Everything in the listing below needs restating exactly, apart from the pictures.

- **RECORDED INFORMATION**
[Start of Attachment]

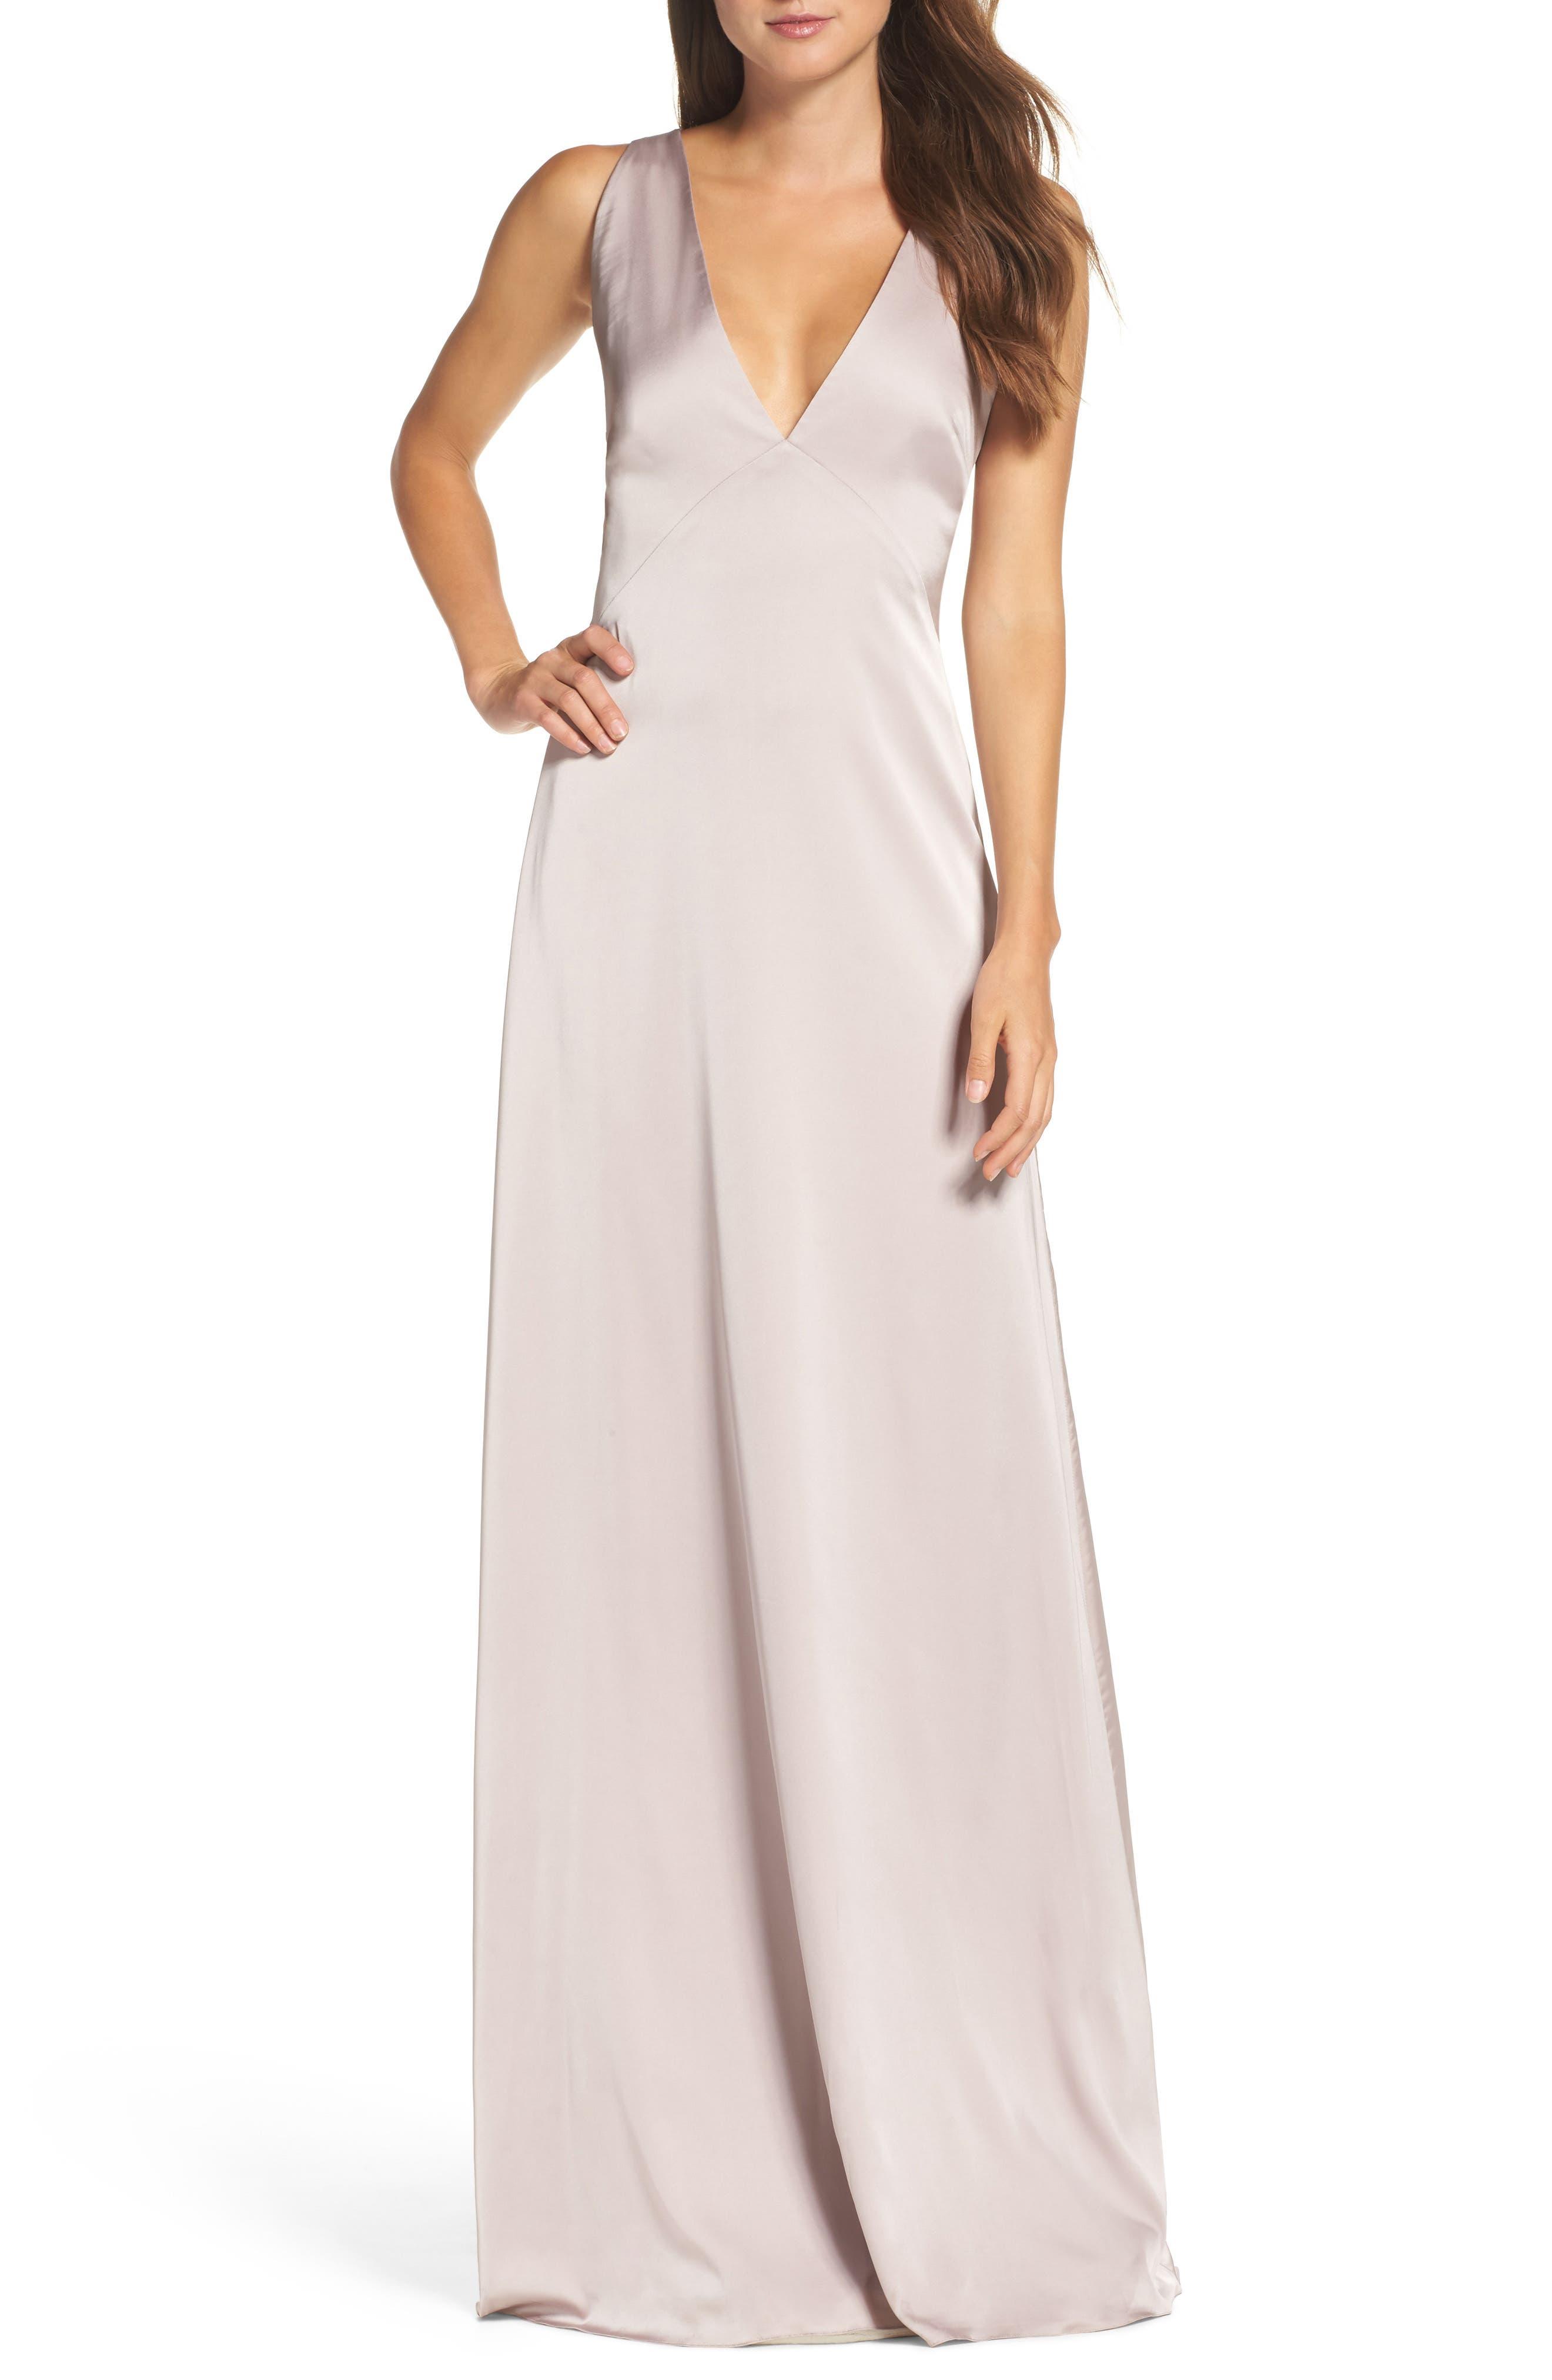 Monique Lhuillier Bridesmaids Dasha Tie Back Sateen Gown (Nordstrom Exclusive)
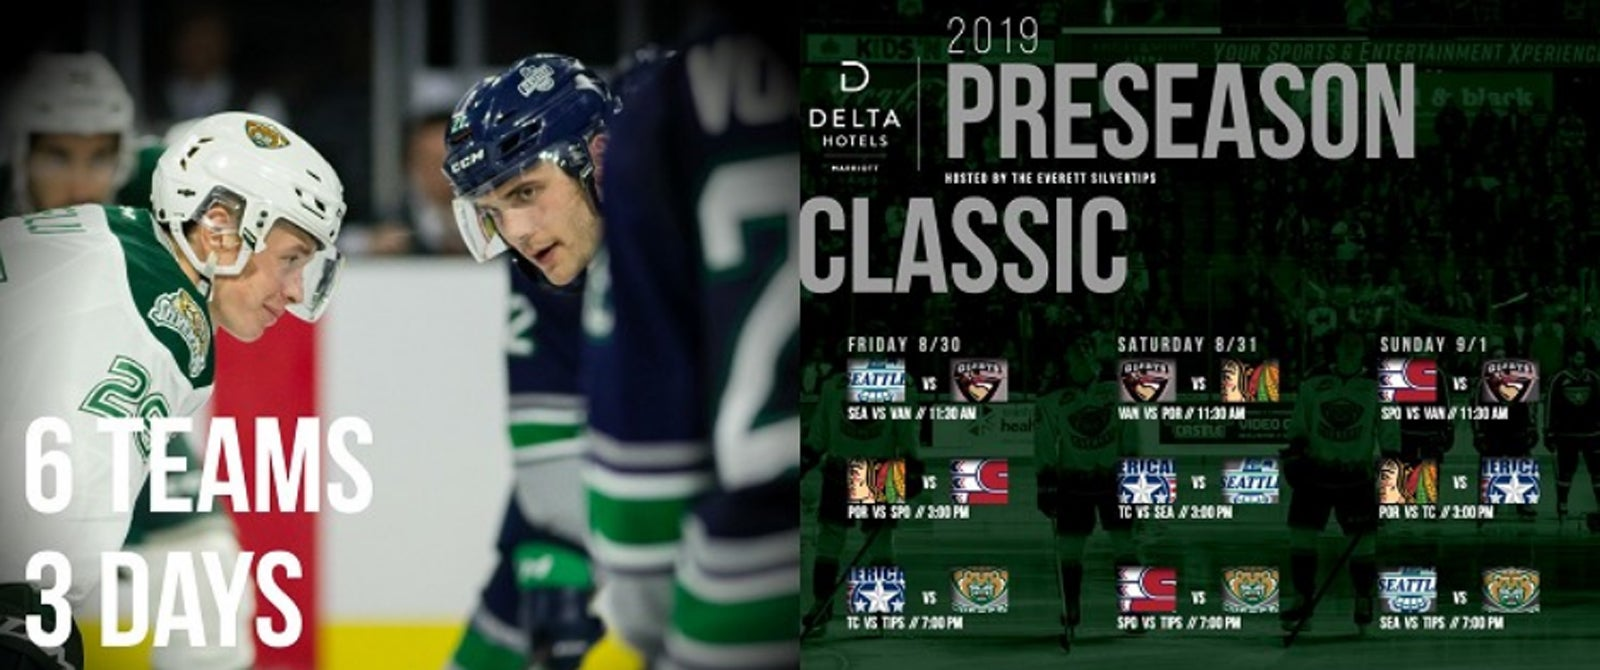 2019 Preseason Classic
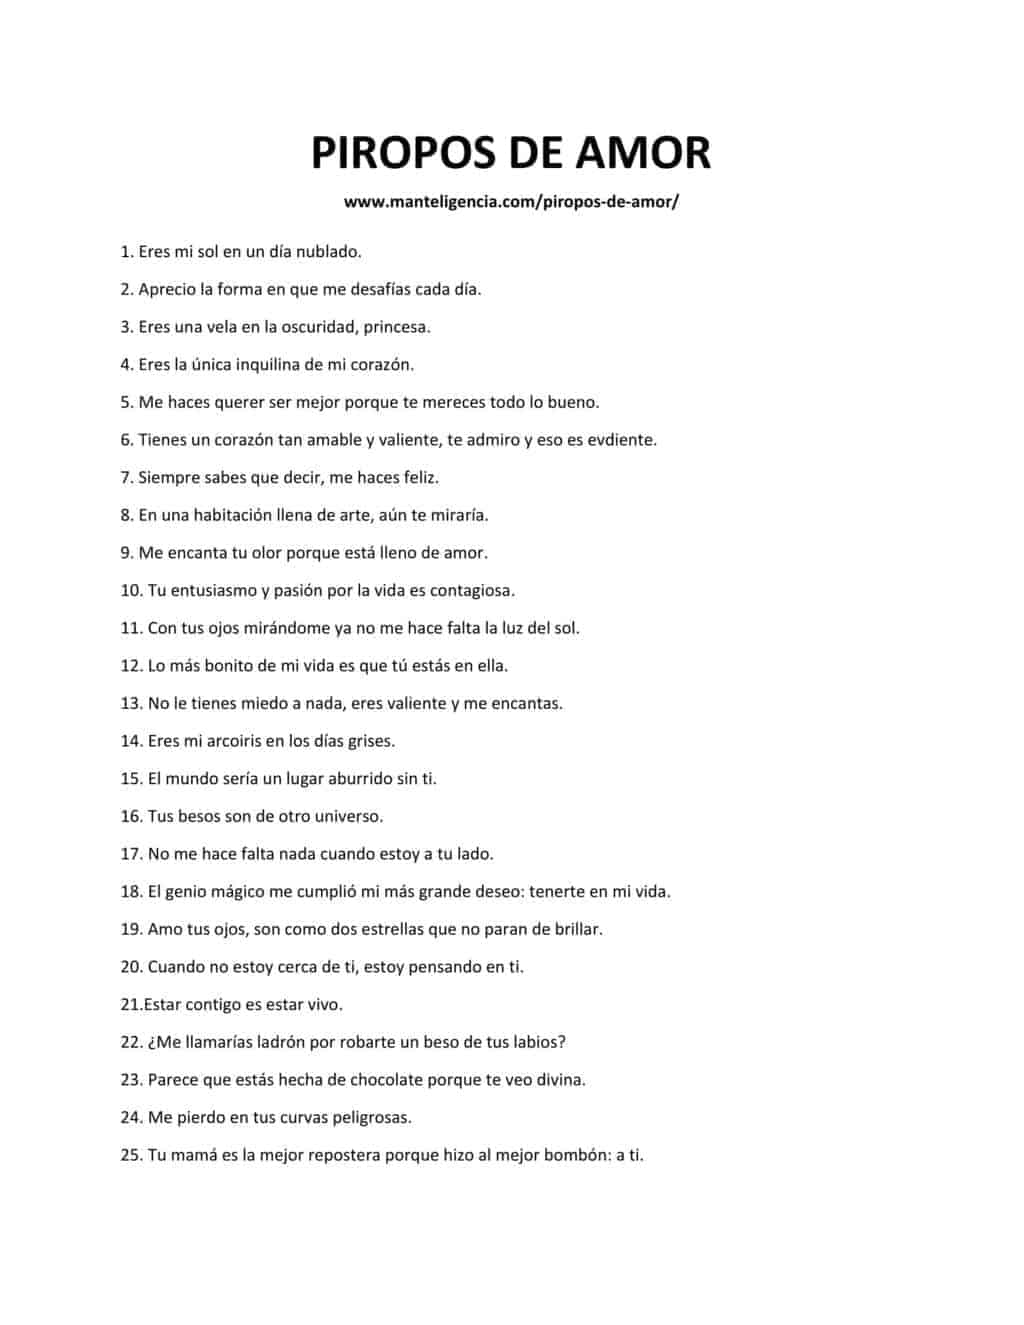 PIROPOS DE AMOR-1
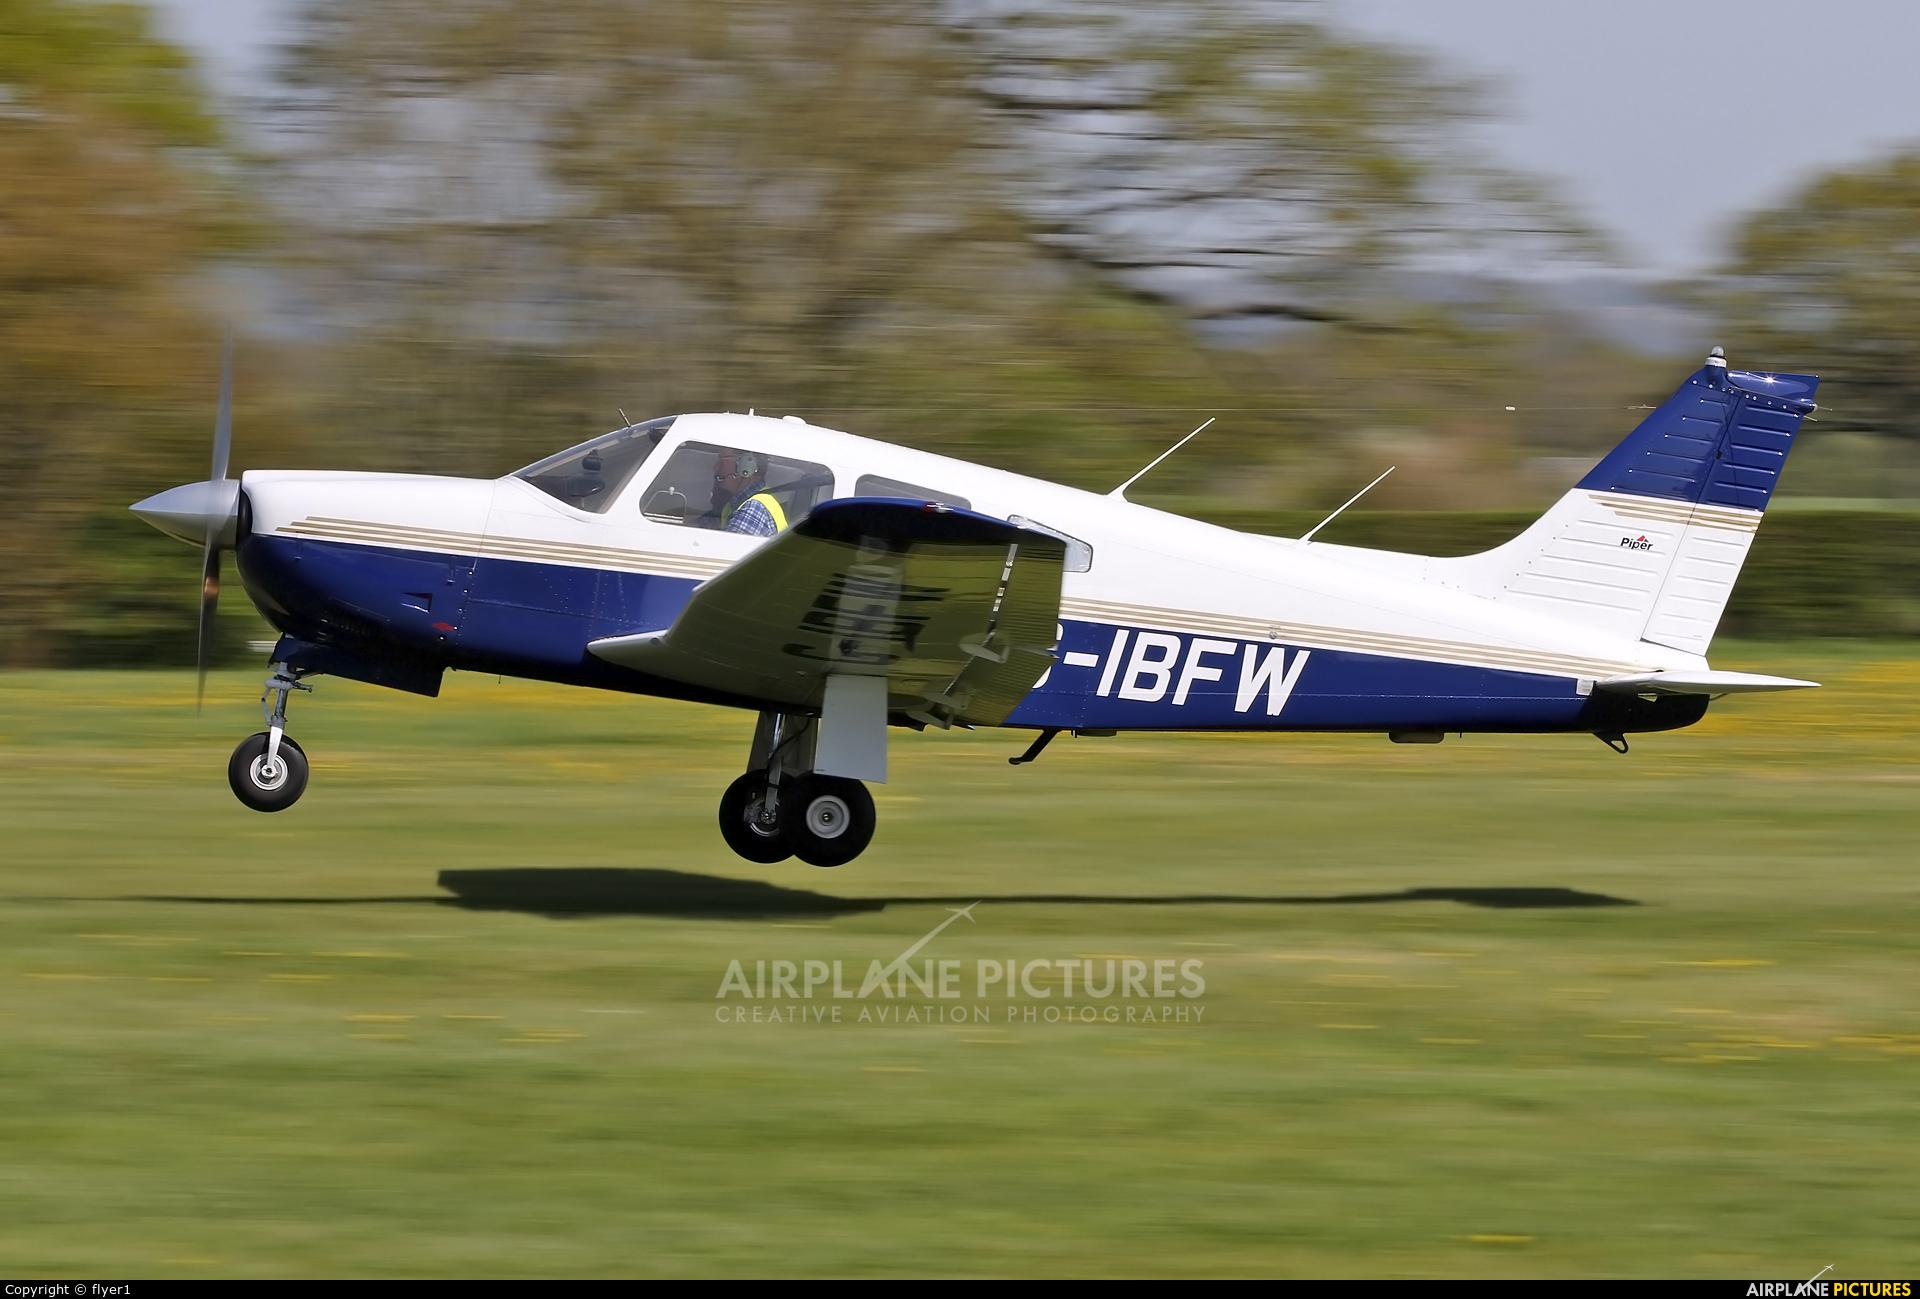 Private G-IBFW aircraft at Lashenden / Headcorn

[End of Attachment]

- **SOLVED PROBLEM**
 Monique Lhuillier Bridesmaids Dasha Tie Back Sateen Gown (Nordstrom Exclusive)
 2019 Preseason Classic
 PIROPOS DE AMOR-1
 Private G-IBFW aircraft at Lashenden / Headcorn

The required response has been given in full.